Input data

◇ ◇ ◇ ◇

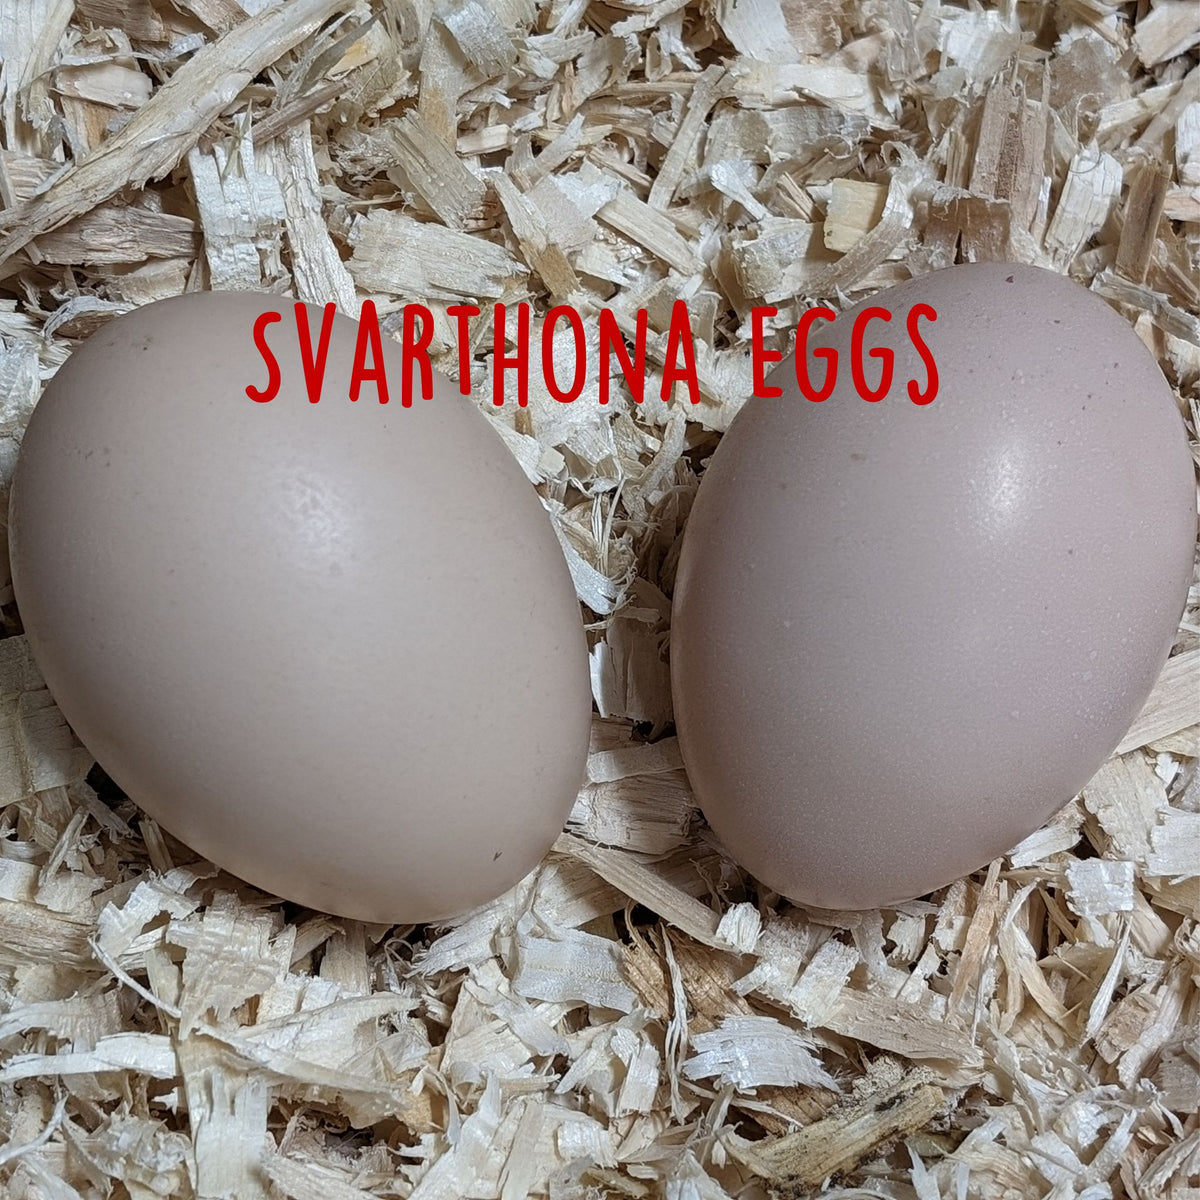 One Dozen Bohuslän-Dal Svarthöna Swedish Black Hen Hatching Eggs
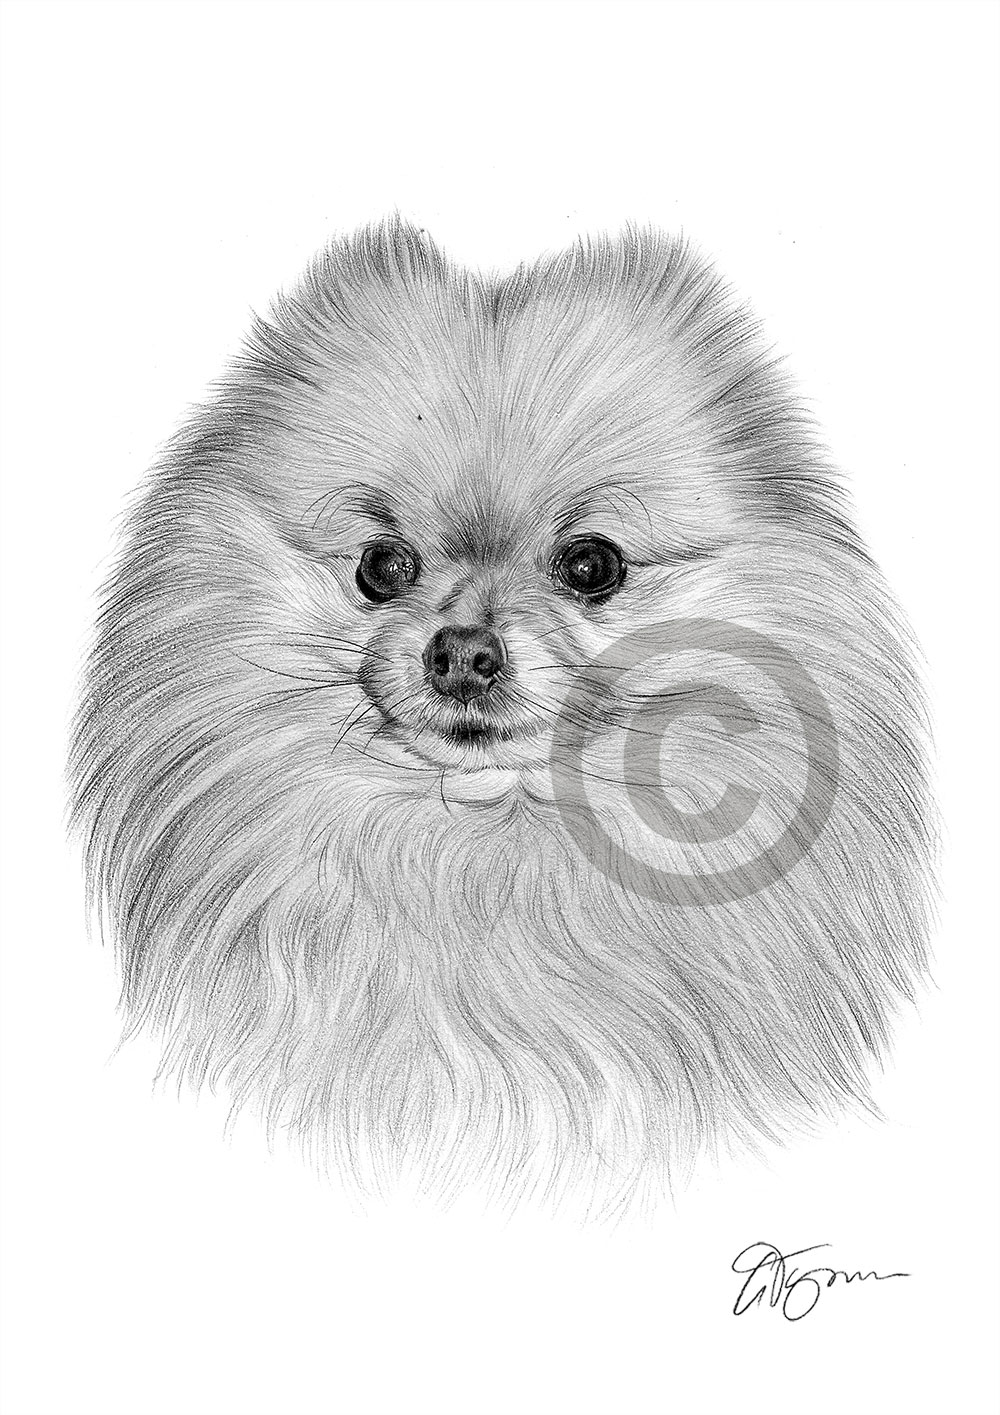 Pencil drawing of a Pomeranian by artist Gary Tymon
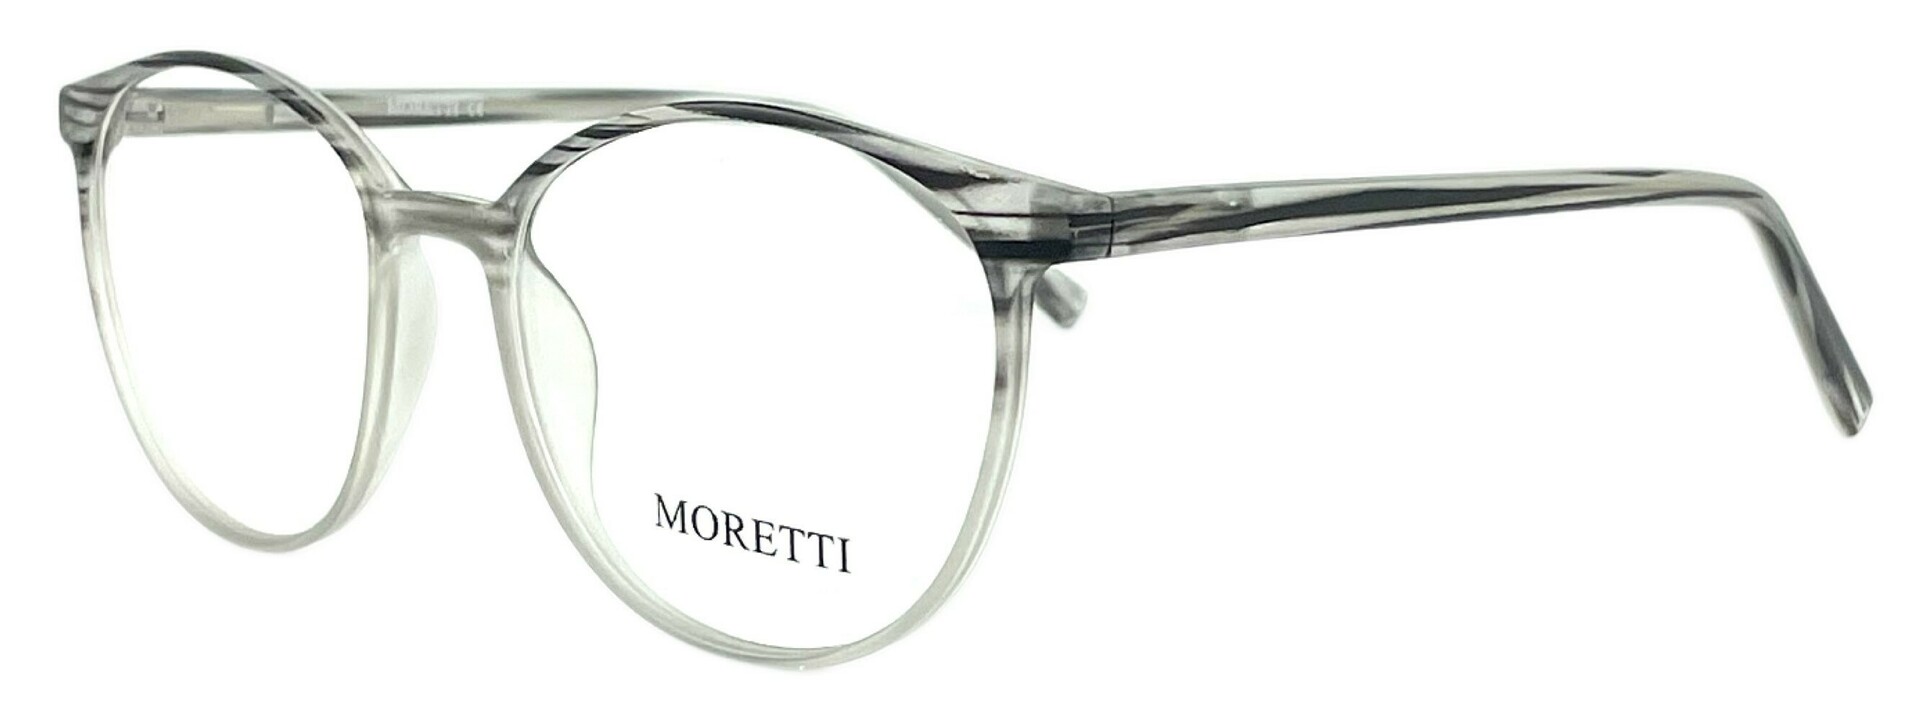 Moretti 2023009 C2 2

◇ ◇ ◇ ◇

Prompt
The material above should be printed again exactly, with each picture left out.

Response below
 One Dozen Bohuslän-Dal Svarthöna Swedish Black Hen Hatching Eggs
 Pencil drawing of a Pomeranian by artist Gary Tymon
 Moretti 2023009 C2 2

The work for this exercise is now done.